Adding Excess Burst (Be)

Without excess burst, if there is no traffic for a period of time, the excess coins are just wasted.

At .2 seconds, there was no more data to send, and coins were added to the bucket. The bucket is now full. At .3seconds, more coins are added, but the bucket is already full, so the excess coins are wasted. At .3 seconds, the router can only send 10Mbit of traffic. This is because the bucket is only the size of Bc, so no excess burst is allowed.

If we make the bucket twice as big, we can “bank” the excess and send twice as much traffic in the next interval:

Each interval still fills Bc, but now we can exceed Bc and fill the bucket up to Be if we don’t spend all our coins. At time interval .3 secconds, the router now sends 20Mbit of traffic instead of just 10Mbit.

Shaping Configuration

The operation of shaping is fairly complex, but the configuration is quite simple.

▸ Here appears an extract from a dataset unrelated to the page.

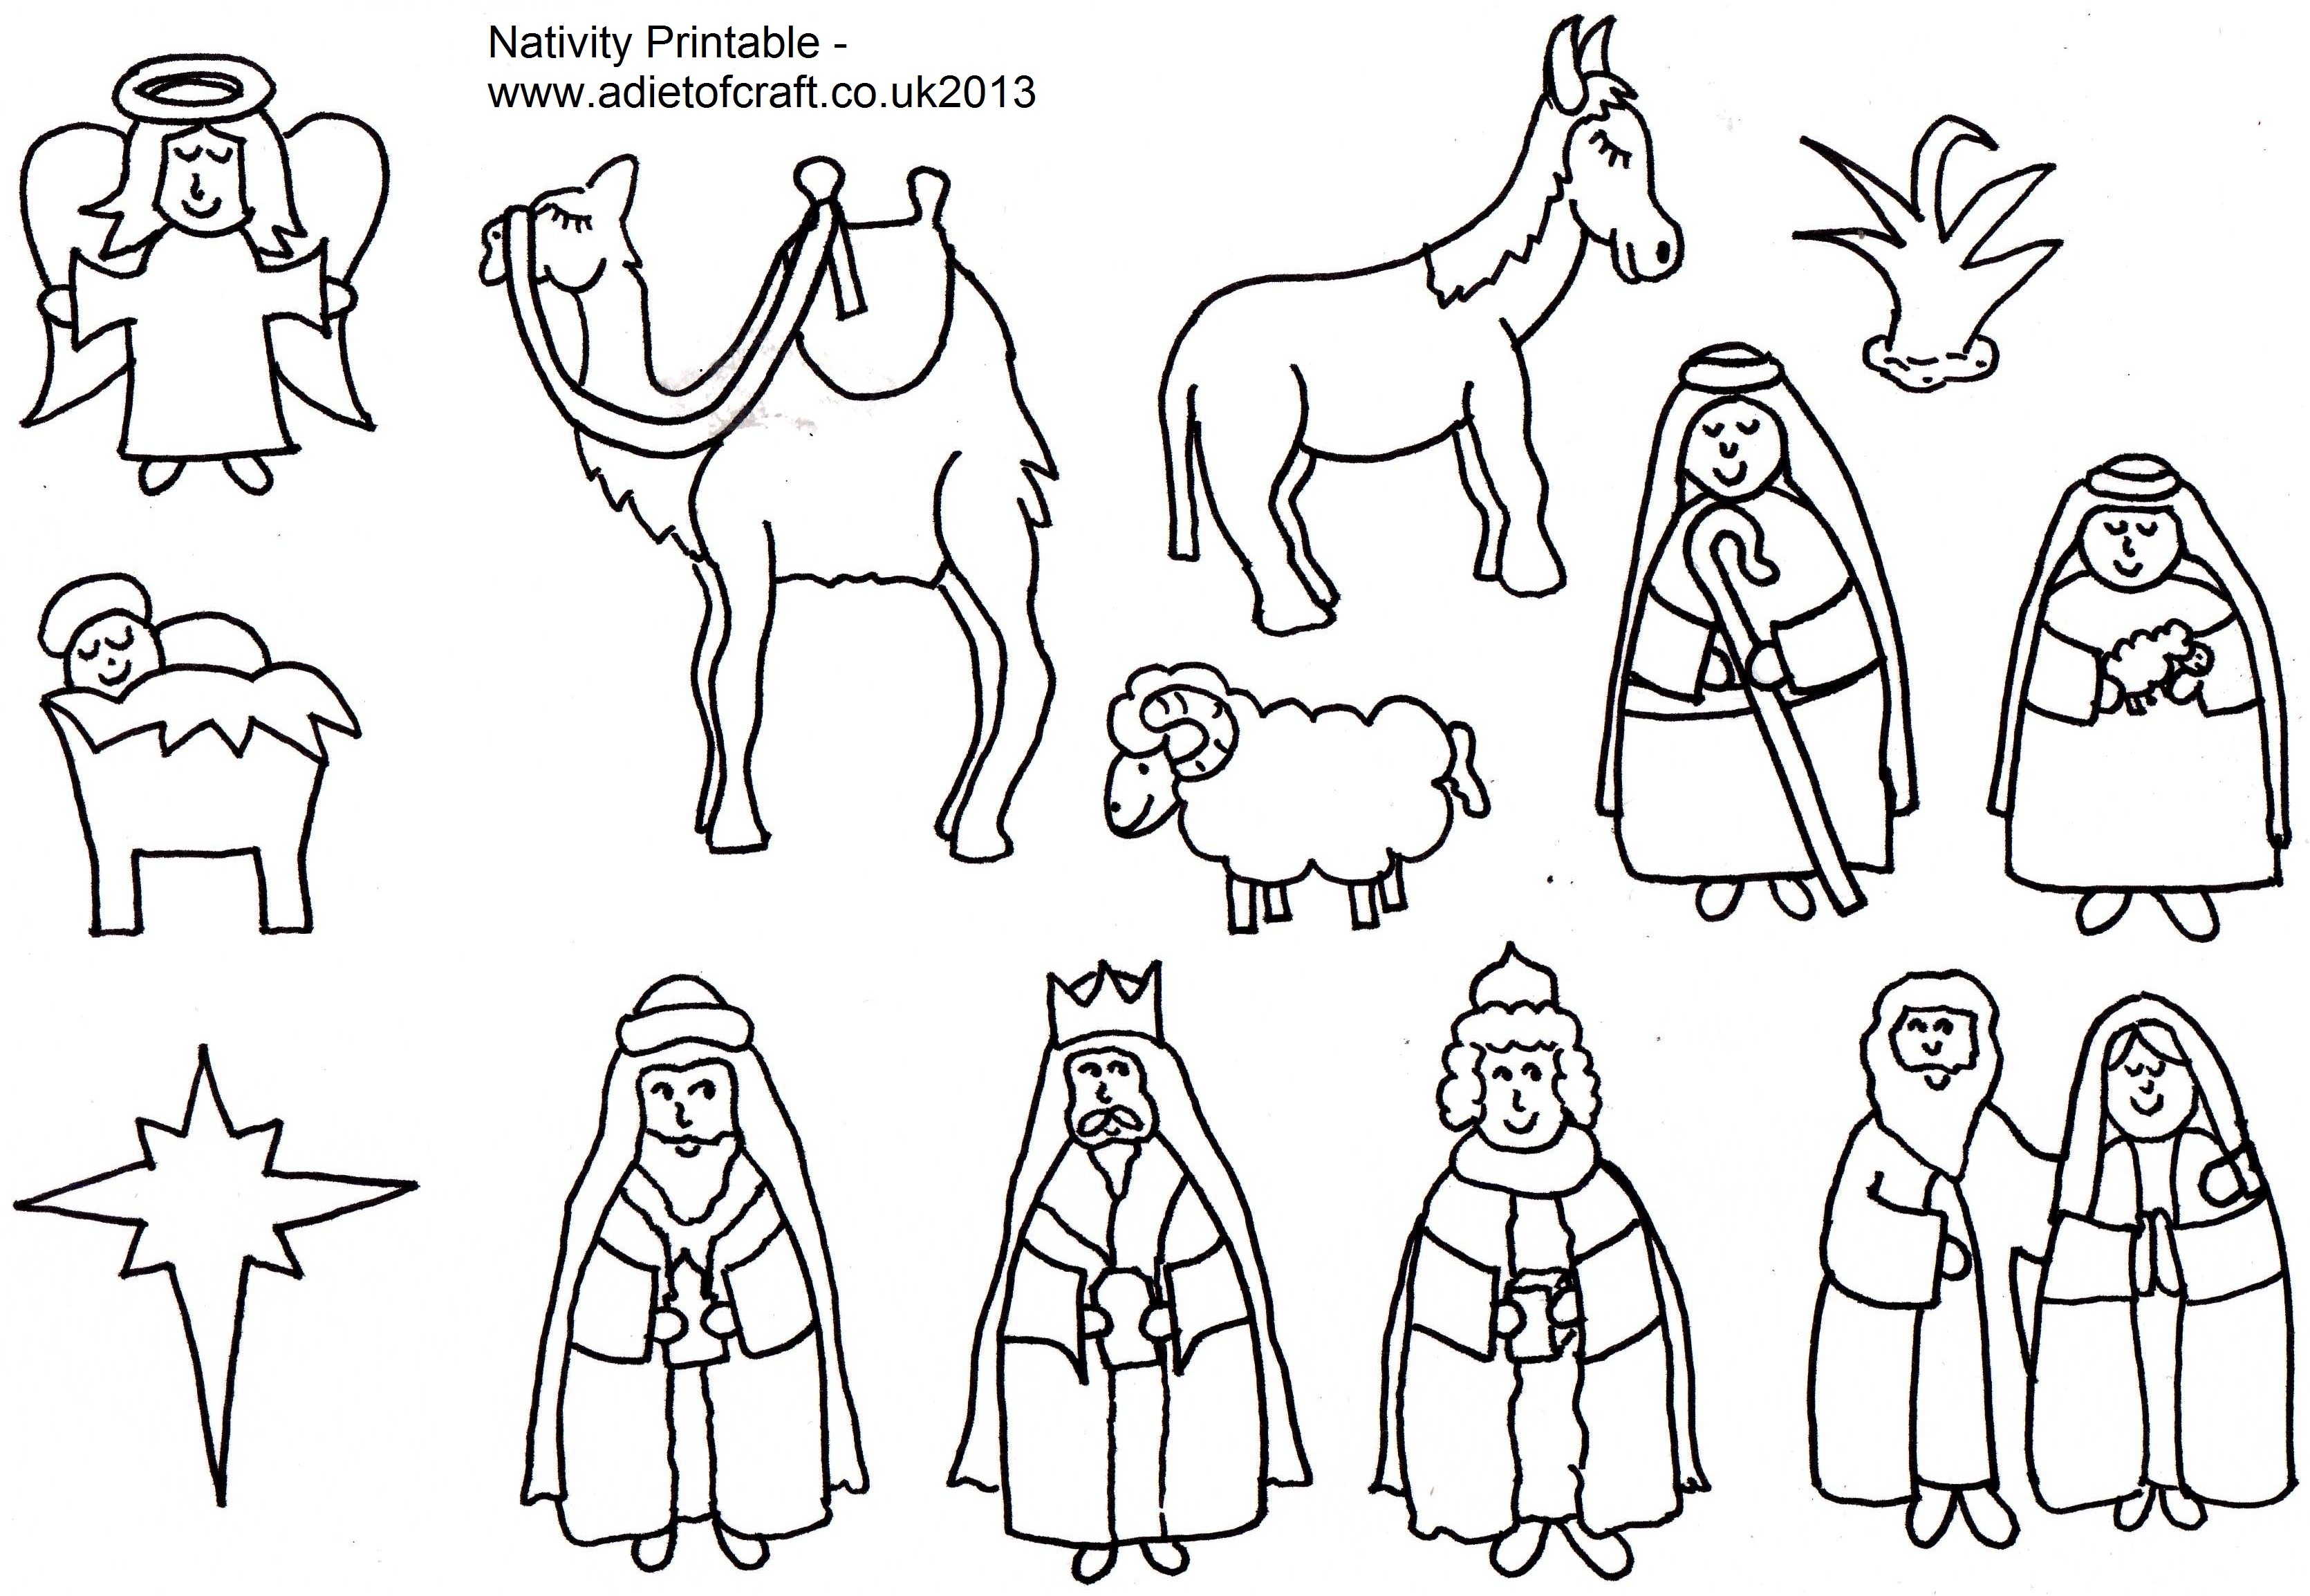 Search Results for “Nativity Scene Printable Cutouts” Calendar 2015

The most basic configuration is below:

policy-map shaper
 class class-default
  shape average 10m
!
int Gi1
 service-policy output shaper

Besides using a rate in bits per second, you can also use a percentage of the link bandwidth:

policy-map shaper
 class class-default
  shape average percent 50

By default, IOS will calculate the Bc and Be value. On the CSR1000v the Bc and Be appear to be based on a 4msec interval. The Be equals the Bc, effectively creating a bucket that is two times Bc.

R1(config-if)#do sho policy-map int gi1
 GigabitEthernet1 

  Service-policy output: shaper

    Class-map: class-default (match-any)  
      0 packets, 0 bytes
      5 minute offered rate 0000 bps, drop rate 0000 bps
      Match: any 
      Queueing
      queue limit 64 packets
      (queue depth/total drops/no-buffer drops) 0/0/0
      (pkts output/bytes output) 0/0
      shape (average) cir 10000000, bc 40000, be 40000
      target shape rate 10000000

!  Bc   /   CIR    = Tc
! 40000 / 10000000 = .004 sec = 4 msec

If for some reason you want to adjust the Tc yourself, you have to do this by specifying the Bc and Be values. Remeber, Tc = Bc/CIR, so adjusting Bc adjusts the Tc value. You normally shouldn’t need to do this. Cisco recommends that you let the router calculate this automatically. But if you want to, the configuration is below. Setting the Bc lower decreases the time interval, while a large Bc increases the time interval and increases delay for packets waiting in the queue.

policy-map shaper
 class class-default
  shape average <bps> <Bc-in-bits> [Be-in-bits]
  • If you don’t specify Be, it is automatically equal to Bc.

Using queuing with shaping

The simple examples above only use the class-default. All traffic egressing the interface is shaped at the rate. But what if you want to create multiple queues and give preferential treatment to voice traffic, all while shaping overall traffic to the CIR?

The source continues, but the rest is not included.